Илюшин посмотрел на Гройса.

– Я кидал мячик в ковер, – усмехнулся тот. – В царевну-лягушку… Попадал в корону.

– …и я решил, что это подсказка, – сказал Макар. – Корона означает диадему. Но Михаил Степанович ничего не знал о диадеме Турне.

– Я бил в корону, потому что она золотая, – подтвердил старик. – Чтобы Макар связал меня с ювелиром, который его нанял. Ювелиры занимаются золотом – понимаю, что цепочка сложновата, но других способов у меня не было.

– А потом в дело вмешался Серега. Который соображает гораздо быстрее меня.

– Чего там соображать, – проворчал Бабкин. – Ты бы еще мне дал команду «фас». Все же ясно было, как только ты бросил цитату. Я только опасался, что она все-таки начнет стрелять…

– …как и вышло…

– …и спину себе потянул. Старый уже слишком, чтобы такой вес в рывке поднимать с корточек.

– Старый, старый, – пробормотал Илюшин без всякого сочувствия и вдруг обернулся к Гройсу. – Михаил Степанович, когда становишься старым?

Бабкин от его бестактности поперхнулся чаем. Моня и Сема с одинаковым изумленным выражением, придававшим их лицам нечто комичное, уставились на Макара.

Только Гройс, казалось, не удивился и не обиделся.

– Никогда, – спокойно сказал он. – Нет никакой старости, Макар. Юность есть, а старости нет. Это все выдумки молодых.

Соловей по-прежнему пел в ветвях, Люся клялась, что невиновна, старенький трамвай громыхал по путям, развозя влюбленных и безучастных.

– Нет, я все-таки одного не понимаю, – громко сказал Верман, нарушая неловкое молчание. – Объясните же мне, Макар!

– Что именно?

– Как вам пришло в голову использовать пароль из детектива Одинцовой? Она же могла все понять! И вместо праздника мы бы имели панихиду, а я бы уже гладил траурный галстук, чтобы достойно выглядеть возле ваших могил.

Илюшин рассмеялся.

– Видите ли, Моня, мне известен один большой писательский секрет. Обещайте, что никому не скажете.

– Да чтоб я поперхнулся этим вашим секретом!

Верман подался вперед, приоткрыв рот.

– Слушайте и знайте, – сказал Илюшин. – Ни один автор, написавший больше двадцати книг, никогда не помнит собственных текстов.
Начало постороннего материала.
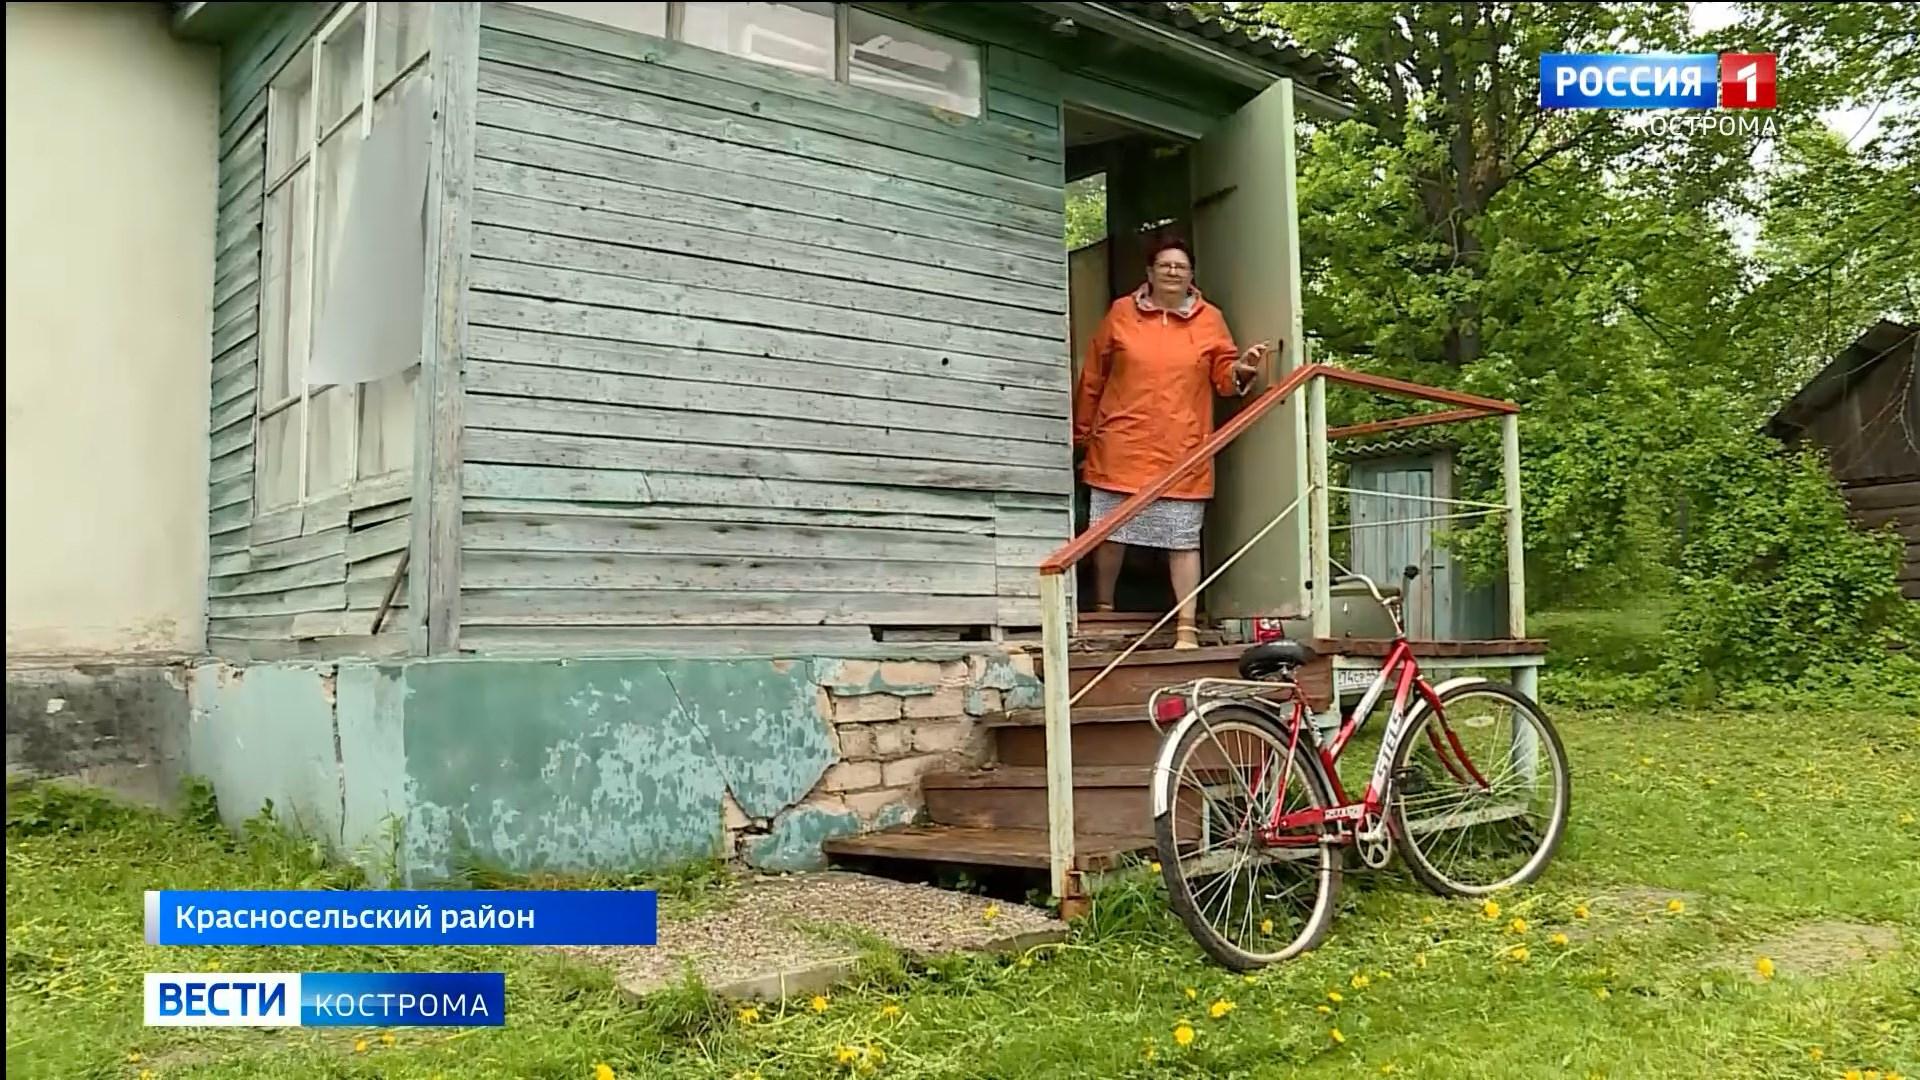 «Скорая» на велосипеде и роды в поле: фельдшер из-под Костромы рассказала о работе медиков в глубинке
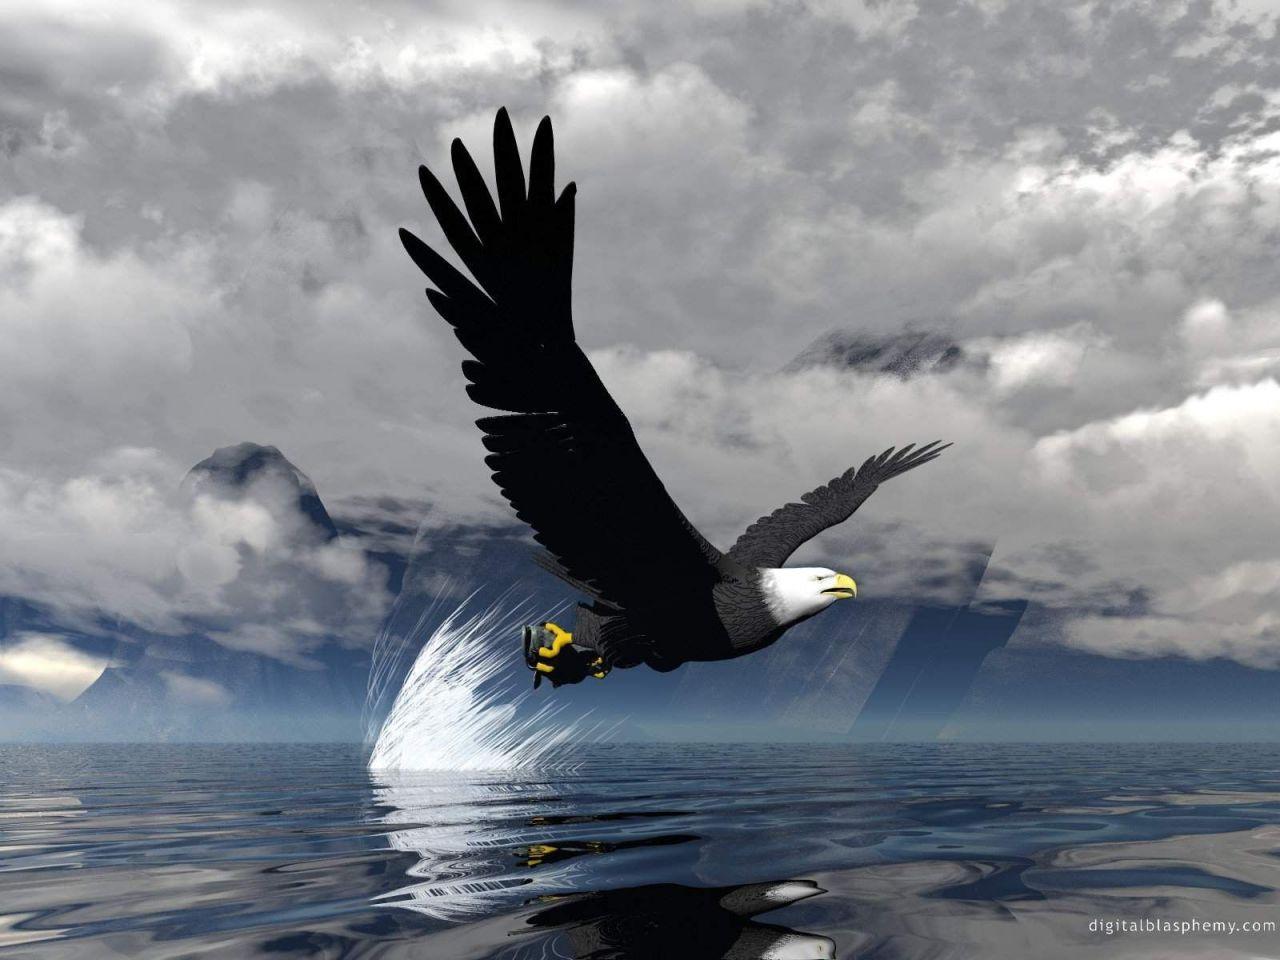 065aac9dbc Que voa no céu tão azul. Abro minha asas. Olho em volta. De norte a sul.  Olho ao longe te vejo caça. Afio as garras ... Num mergulho afiado. Como ...

Праздник удался – это признавали все, собравшиеся в доме Курчатовых. Бесконечно ели, пили, говорили цветистые тосты о мудрости, красоте и здоровье юбилярши. На маленькой сухой головке Альфии Ренатовны сияла диадема с синими сапфирами.

Василий был приветлив и немногословен. Послушно обнимал многочисленных теток и дядюшек, чьи лица к концу празднества слились в одно. Притворялся, будто помнит их детей. Помог отцу открыть шампанское, наравне с женщинами таскал блюда из кухни, а когда дело дошло до коньяка, разливал, начиная с самых старших и уважаемых членов большой семьи. Поднимал тост в честь бабушки, аплодировал тостам других, не разбирая слов, смеялся, когда смеялись все, торжественно молчал, когда наступала тишина, – оказалось, что можно существовать в потоке, совсем не вдумываясь, что происходит вокруг.

И ни разу, ни разу не встретился взглядом с Динарой.

Она все время оставалась где-то вдалеке, свежая, с кроткой улыбкой на губах, и почтительно склонялась перед восточной родней Альфии. Борис мог бы быть доволен такой женой. Он и был доволен: поглядывал одобрительно, шутил, даже поцеловал руку.

– Васька! – хрипло позвал кто-то из дядьев. – Ты расскажи, как дела в институте! Вон красавец какой вымахал. Все девки твои, а?

– Я больше по учебе, – солгал Василий.

– Молодец! В наших пошел!

И снова пили, веселились, ссорились, мирились, и от всего этого шума он в конце концов отупел настолько, что уже не понимал, что чувствует. Внутри стояло большое горе, как ледяная вода, и поднималось все выше и выше. Он боялся, что когда она доберется до горла, то снова вырвется черным воем.

– Я его вот так держу! – донесся до него голос отца. Василий воочию представил крепкий красный кулак, которым тот потрясает в воздух. – Пока он никто. Никто и звать никак! Вот добьется чего-нибудь, встанет на ноги – тогда посмотрим!